Reference	Age/Sex	Lesion laterality	Diagnosis	Side of metamorphopsia	Objects included in metamorphopsia	Duration of symptom
(5)	53/M	right	infarction	right	eye, nose, mouth	nd
(6)	70/F		infarction	right	eye, mouth	1.5 years
Present case	66/F		infarction	right	eye	3 days
(3)	68/F		hemorrhage	left	eye, nose, mouth, facial outline	5 weeks
(7)	61/F		infarction	left	eye, nose, mouth, facial outline	>2.5 years
(8)	78/F		infarction	left	eye, nostril	18 days
(9)	51/F	left	infarction	right	eye, mouth, letters, other objects	2 months
(5)	58/F		infarction	right	eyelid, nose, facial outline	nd

nd: not described

The patient in our case complained of prosopometamorphopsia restricted to the eyes. Although no previous cases have described prosopometamorphopsia restricted to the eyes, all previous cases did involve prosopometamorphopsia that included the eyes (3, 5-9). Since expressions involving the eyes are considered the most important body actions perceived (11), prosopometamorphopsia might always include the eyes.

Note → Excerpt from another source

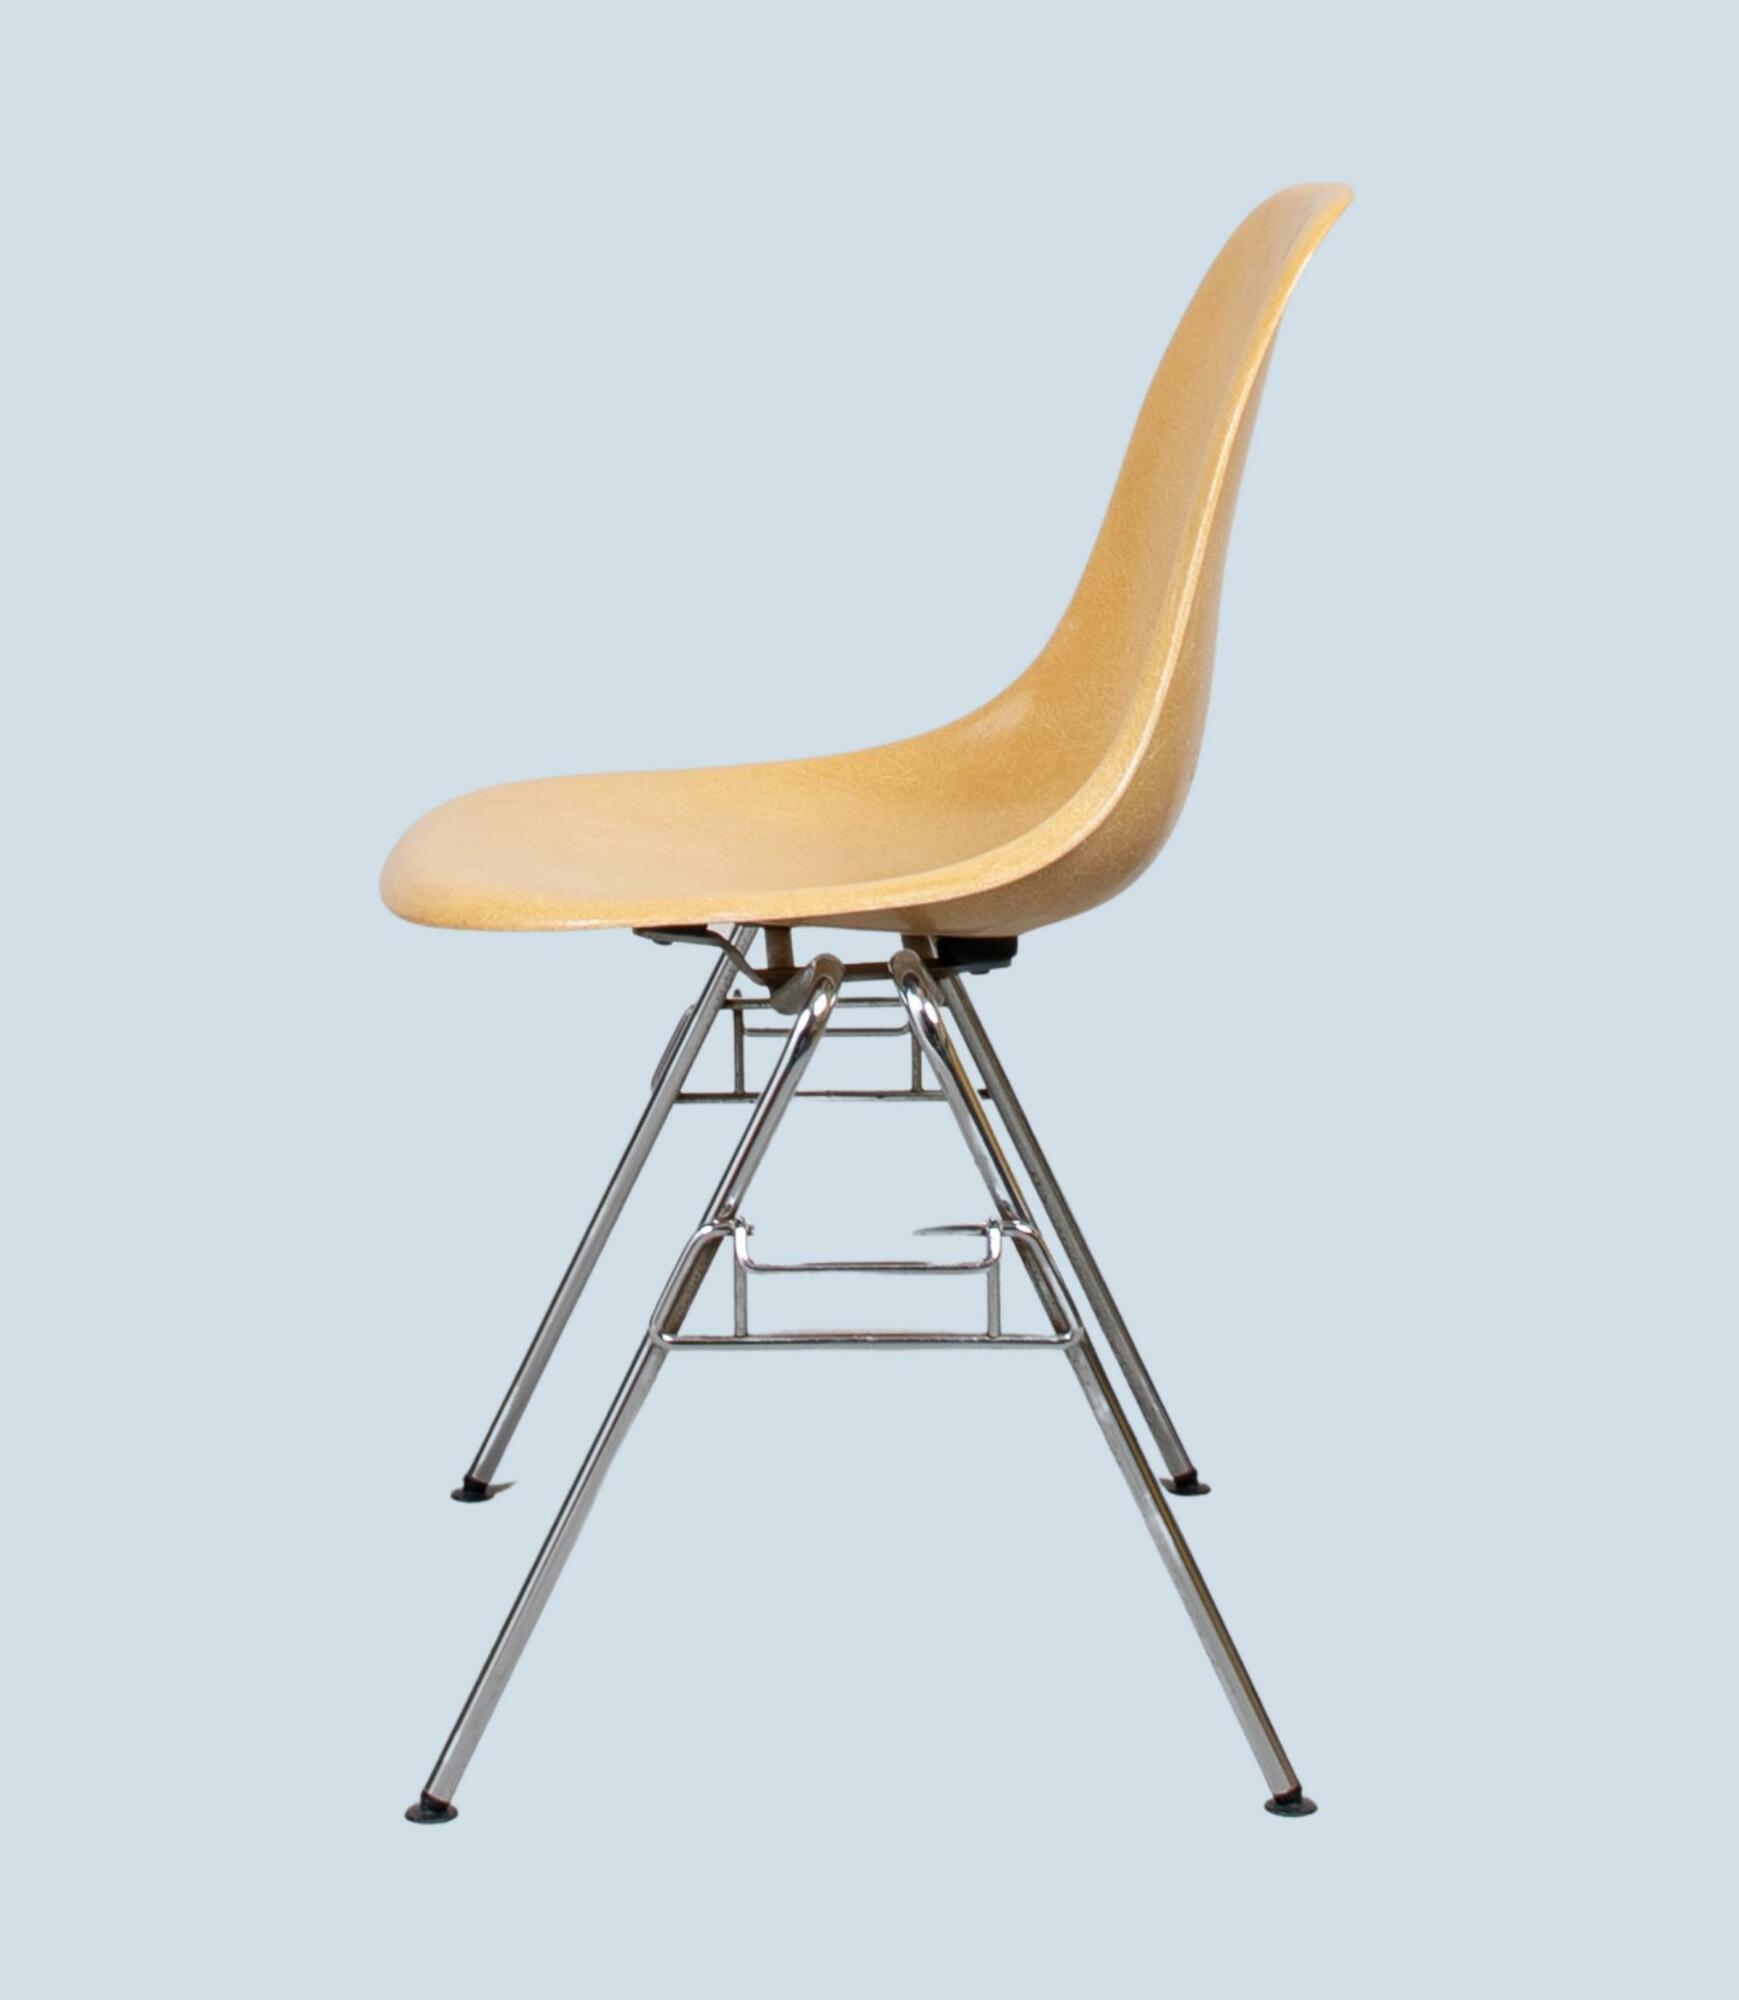 Eames Fiberglass Side Chair by Herman Miller Ochre Light 0
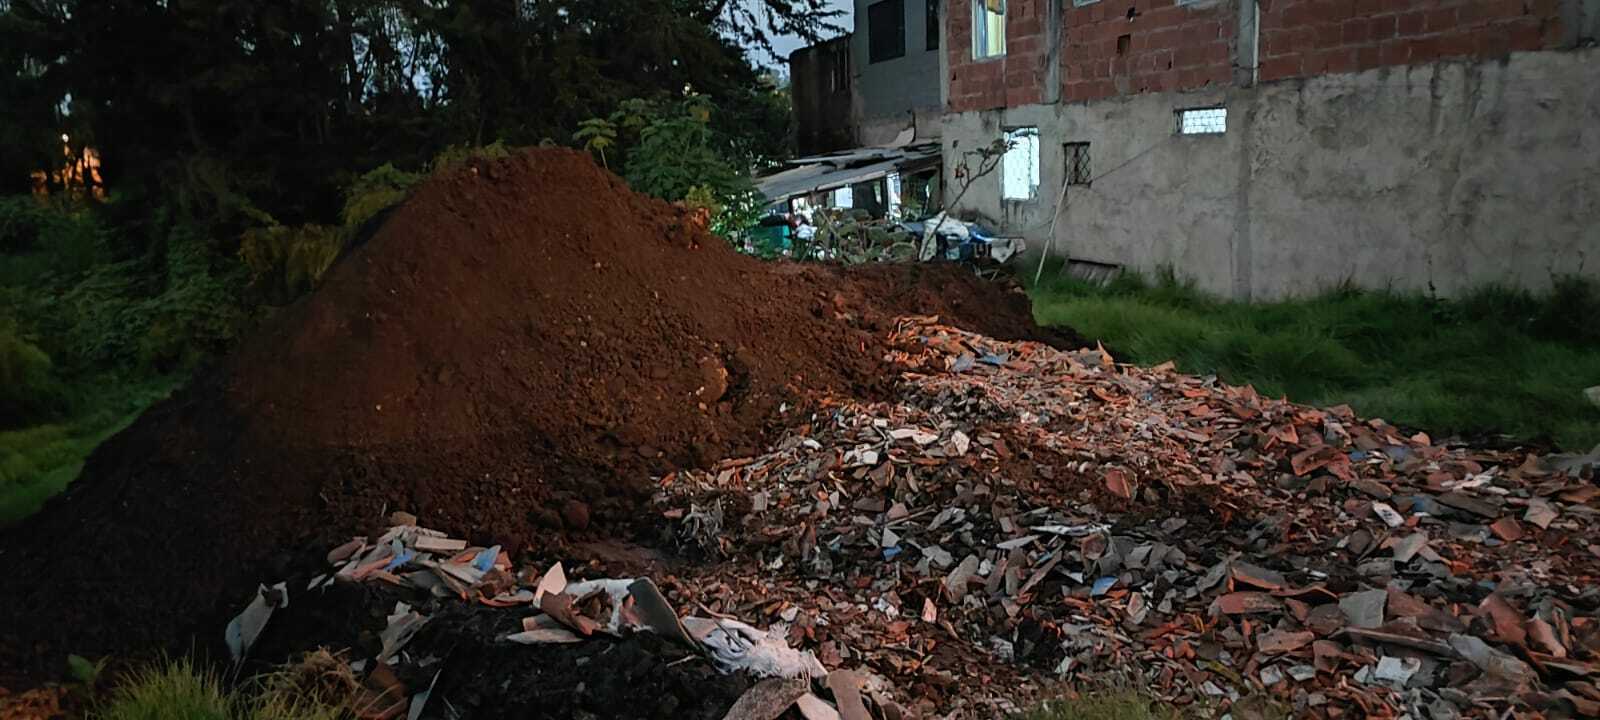 Secretaría de Ambiente impone medida preventiva de suspensión de actividades por disposición ilegal de residuos de construcción

When the patient drew a picture of someone including their facial features based on memory, parts of the face other than the eyes seemed distorted. Whether the mismatch between her subjective complaints and the facial features she drew reflected “insensible” prosopometamorphopsia remains uncertain. In addition, mild damage due to minor ischemia seemed to result in transient, rather than persistent, prosopometamorphopsia.

The authors state that they have no Conflict of Interest (COI).

Financial Support

This study was supported by a Grant-in-Aid for Scientific Research (C) (15K10381) from the Japan Society for the Promotion of Science, Tokyo, Japan.